[Math] Busy Beaver – Proof for BB(2) = 4

Question

Hi,

I need to prove the above claim.
I can show that $BB(2)\ge 4$ by building a turing machine,
but how can i show that $BB(2) \le 4$?

Searched a lot over the web, and saw that Rado proved it in 1963.

Thanks.

Answer 1

I imagine the seminar exercise went something like this.

Let $M$ be a winning machine with starting state $A$, halting state $H$ and one other state $B$. Let's build the transition function of $M$ (or an equivalent or better winner) by looking at the first few transitions. We can assume the first transition is:

$(A, 0) \mapsto (1, R, B)$

because, (a) if $M$ does not write 1, we can swap $A$ and $B$ to get a slightly faster winner, (b) if $M$ moves left, then the machine obtained from $M$ by swapping $L$ and $R$ is an equivalent winner, (c) if $M$ stays in state $A$ it will not terminate, and (d) if $M$ halts it isn't a winner.

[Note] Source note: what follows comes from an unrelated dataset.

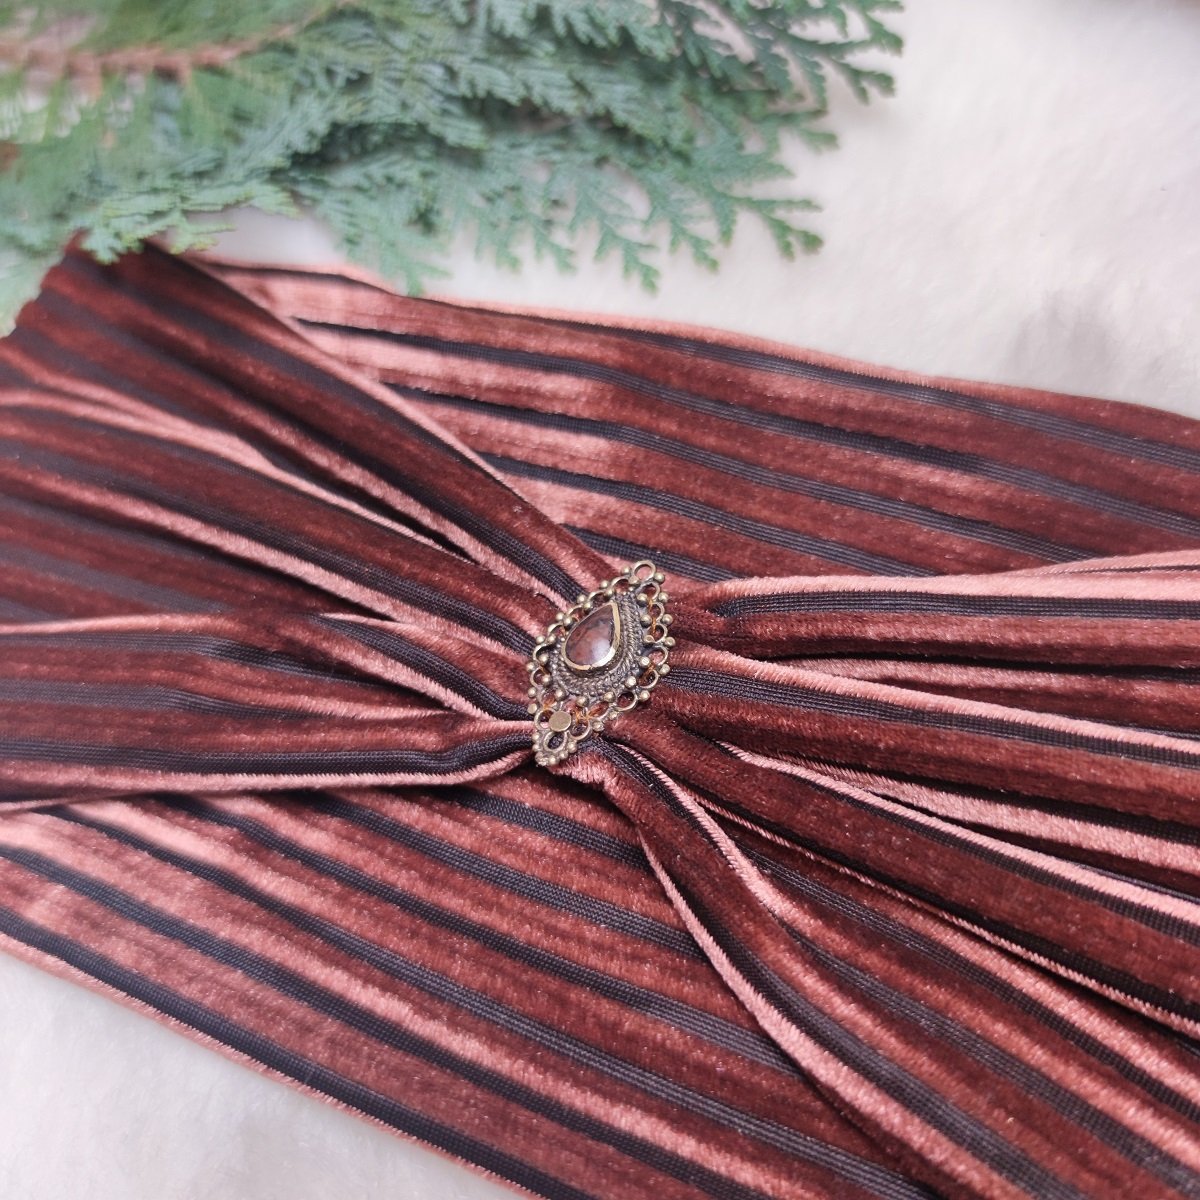 Deri Edelstein Haarband aus Samt - in Bronze Braun mit schwarzen Streifen

Then we can assume the second transition is:

$(B, 0) \mapsto (t_1, L, s_1)$

for some $t_1 \in \{0, 1\}$ and $s_1 \in \{A, B\}$, because if $M$ moves right again into either state $A$ or $B$ it will not terminate and if it halts it isn't a winner.

On the third transition, we are in state $s_1$ reading 1 and we can't win by halting, so we have:

$(s_1, 1) \mapsto (t_2, d, s)$

for some $t_2 \in \{0, 1\}$, $d \in \{L, R\}$ and $s \in \{A, B\}$. As $M$ must halt, for $s_1 \not= s_2 \in \{A, B\}$, $M$ must halt on $(s_2, 1)$, so the remaining element of the transition function is:

$(s_2, 1) \mapsto (1, X, H)$

where $X$ is irrelevant and $M$ must write 1, since changing a 1 to a 0 on the last step is clearly a losing strategy. There are now just 32 possibilities for $t_1$, $t_2$, $d$, $s$ and $s_1$ to work through. I originally stopped here with an ellipsis, since in the seminar context the participants could divide the work up and do it by brute force, but let me give an argument that while still rather bitty can be checked by an individual.

After the third transition the tape looks like this:

$\begin{array}{lccccc} \mbox{Index:} & \ldots & -1 & 0 & 1 & 2 & \ldots\\ \mbox{Contents:} & \ldots & 0 & t_2 & t_1 & 0 & \ldots \end{array} $

and we are in state $s$ reading either cell $-1$ (if $d = L$) or cell $1$ (if $d = R$). I claim that $d = L$. To see this assume for a contradiction that $d = R$. Then if $t_1 = 0$, $M$ will not terminate (if $s = A$, we are essentially back in the starting position and $M$ will diverge to the right; if $s = B$ and $t_2 = 1$ $M$ will spin on cells 0 and 1 and if $s = B$ and $t_2 = 0$, $M$ will diverge to the left.) Now if $t_1 = 1$ and $s = s_2$, $M$ will halt on the next transition and so is not a winner. So $t_1 = 1$ and $s = s_1$, but then $M$ will loop (two cases to check: $s = A$ and $s = B$). In all cases when $d = R$, $M$ fails to win so $d = L$.

Now we know that the only transition that moves right is the one on $(A, 0)$. This implies that $M$ can never move right past a 1 that has already been written. It follows that the penultimate transition must be a move right. I.e., it must be a transition on $(A, 0)$. But the successor state for this transition is $B$, so we must have $s_1 = A$ and $s_2 = B$. Now if $s = A$, $M$ will either fail to terminate or will halt and lose on the fourth transition (depending on the value of $t_2$). We conclude that $s = B$, so the transition function looks like this:

$\begin{array}{l} (A, 0) \mapsto (1, R, B) \\ (B, 0) \mapsto (t_1, L, A) \\ (A, 1) \mapsto (t_2, L, B) \\ (B, 1) \mapsto (1, X, H) \end{array}$

We now have just four cases to check and unsurprisingly the only possibility that makes $M$ terminate after writing four 1s is the one with $t_1 = t_2 = 1$.